5.6.3 Scale Test for Ordinal Predictors

scale_result <- ordinal::scale_test(model_clm)

scale_df <- as.data.frame(scale_result)
scale_df$Predictor <- rownames(scale_df)
# Rename actual columns returned by ordinal::scale_test: Df, logLik, AIC, LRT, Pr(>Chi)
names(scale_df)[names(scale_df) == "Df"]        <- "df_val"
names(scale_df)[names(scale_df) == "LRT"]       <- "LRT_stat"
names(scale_df)[names(scale_df) == "Pr(>Chi)"]  <- "p_val"
scale_df <- scale_df %>%
  dplyr::select(Predictor, LRT_stat, df_val, p_val) %>%
  dplyr::mutate(
    LRT_stat = round(LRT_stat, 4),
    p_val    = round(p_val, 4),
    Decision = ifelse(is.na(p_val), "",
               ifelse(p_val < 0.05,  "Violated *", "Met (p >= 0.05)"))
  )
rownames(scale_df) <- NULL

kable(scale_df,
      caption = "Scale Test for Proportional Odds Assumption",
      col.names = c("Predictor", "LRT Statistic", "df", "p-value", "Decision")) %>%
  kable_styling(bootstrap_options = c("hover"), full_width = FALSE) %>%
  column_spec(5,
              color = ifelse(grepl("Violated", scale_df$Decision), "red",
                     ifelse(scale_df$Decision == "", "gray", "darkgreen")),
              bold  = TRUE)

Scale Test for Proportional Odds Assumption
Predictor	LRT Statistic	df	p-value	Decision
<none>	NA	NA	NA
flare_class_ord	0	1	0.9993	Met (p >= 0.05)
flare_intensity	0	1	0.9993	Met (p >= 0.05)
geomagnetic_index_Kp	0	1	0.9993	Met (p >= 0.05)
solar_wind_speed	0	1	0.9993	Met (p >= 0.05)
solar_wind_density	0	1	0.9993	Met (p >= 0.05)
flare_duration_minutes	0	1	0.9993	Met (p >= 0.05)

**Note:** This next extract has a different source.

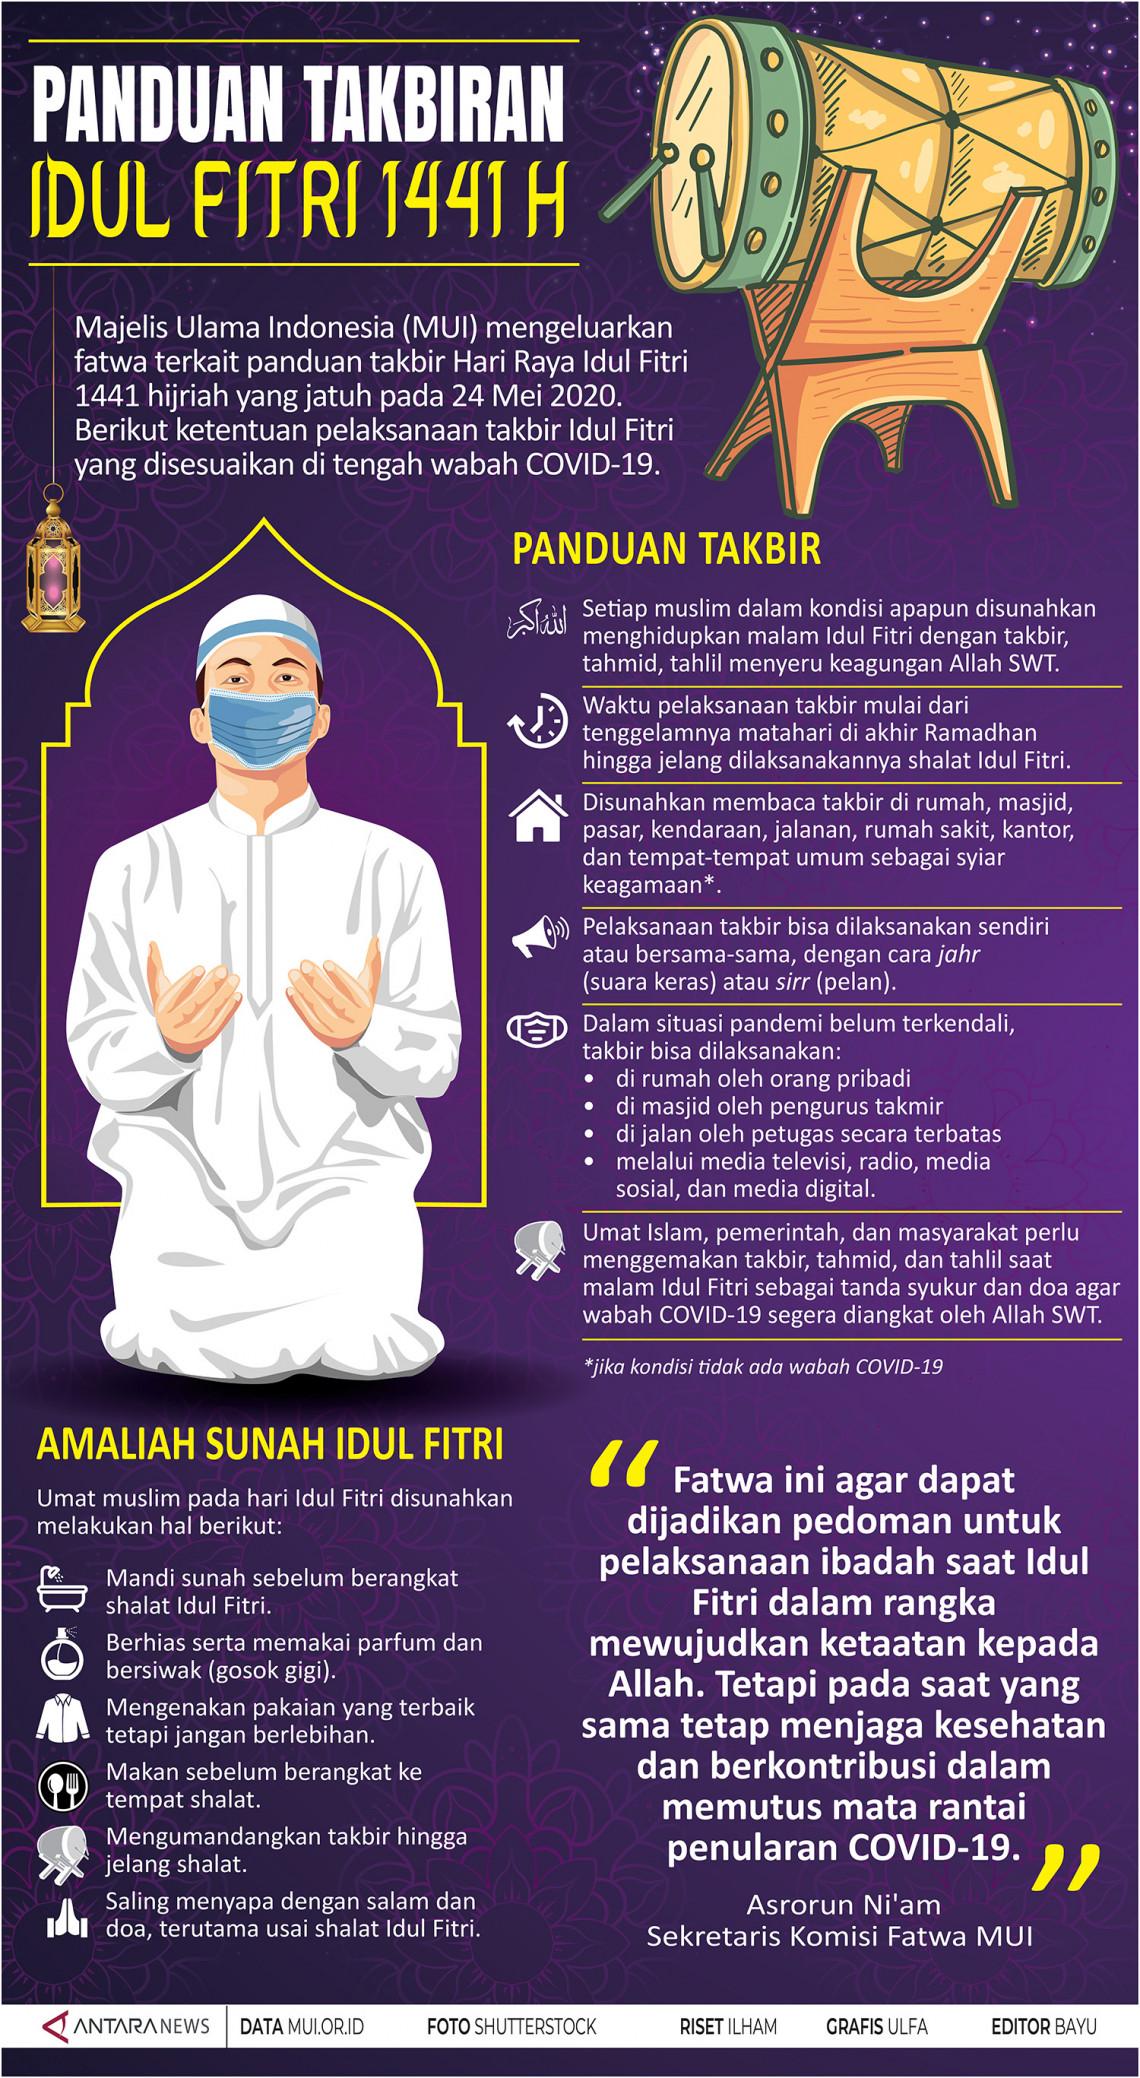 Gambar Idul Fitri 1441 : gambar, fitri, Infografik, Panduan, Takbiran, Fitri, ANTARA

5.6.4 Graphical Check Parallel Lines Visualisation

The graphical approach fits two separate binary logistic regressions one for each cutpoint and plots the predicted probabilities. If the lines are roughly parallel, the proportional odds assumption holds. If they diverge substantially, the assumption is violated for that predictor.

# Binary outcomes for each threshold
df_model$cut1 <- as.integer(df_model$power_grid_disruption >= 1)  # P(Y >= 1)
df_model$cut2 <- as.integer(df_model$power_grid_disruption >= 2)  # P(Y >= 2)

num_preds_scaled <- c("flare_intensity", "geomagnetic_index_Kp",
                      "solar_wind_speed", "solar_wind_density",
                      "flare_duration_minutes")

plot_list_parallel <- lapply(num_preds_scaled, function(pvar) {
  # Sequence across the range of the scaled predictor
  xseq <- seq(min(df_model[[pvar]], na.rm = TRUE),
              max(df_model[[pvar]], na.rm = TRUE),
              length.out = 100)

  # Fit binary logistic for each cutpoint (other predictors at mean = 0 after scaling)
  fml1 <- as.formula(paste("cut1 ~", pvar))
  fml2 <- as.formula(paste("cut2 ~", pvar))

  glm1 <- glm(fml1, data = df_model, family = binomial)
  glm2 <- glm(fml2, data = df_model, family = binomial)

  newdat <- data.frame(x = xseq)
  names(newdat) <- pvar

  pred1 <- predict(glm1, newdata = newdat, type = "response")
  pred2 <- predict(glm2, newdata = newdat, type = "response")

  plot_df <- data.frame(
    x       = rep(xseq, 2),
    prob    = c(pred1, pred2),
    Cutpoint = rep(c("P(Y \u2265 1) vs P(Y < 1)",
                     "P(Y \u2265 2) vs P(Y < 2)"), each = 100)
  )

  ggplot(plot_df, aes(x = x, y = prob, color = Cutpoint, linetype = Cutpoint)) +
    geom_line(linewidth = 1) +
    scale_color_manual(values = c("#2E86AB", "#E84855")) +
    labs(title    = pvar,
         x        = paste0(pvar, " (standardised)"),
         y        = "Predicted Probability",
         color    = "Cutpoint",
         linetype = "Cutpoint") +
    theme_minimal(base_size = 10) +
    theme(plot.title      = element_text(face = "bold", size = 10),
          legend.position = "bottom",
          legend.text     = element_text(size = 8))
})

gridExtra::grid.arrange(grobs = plot_list_parallel, ncol = 2)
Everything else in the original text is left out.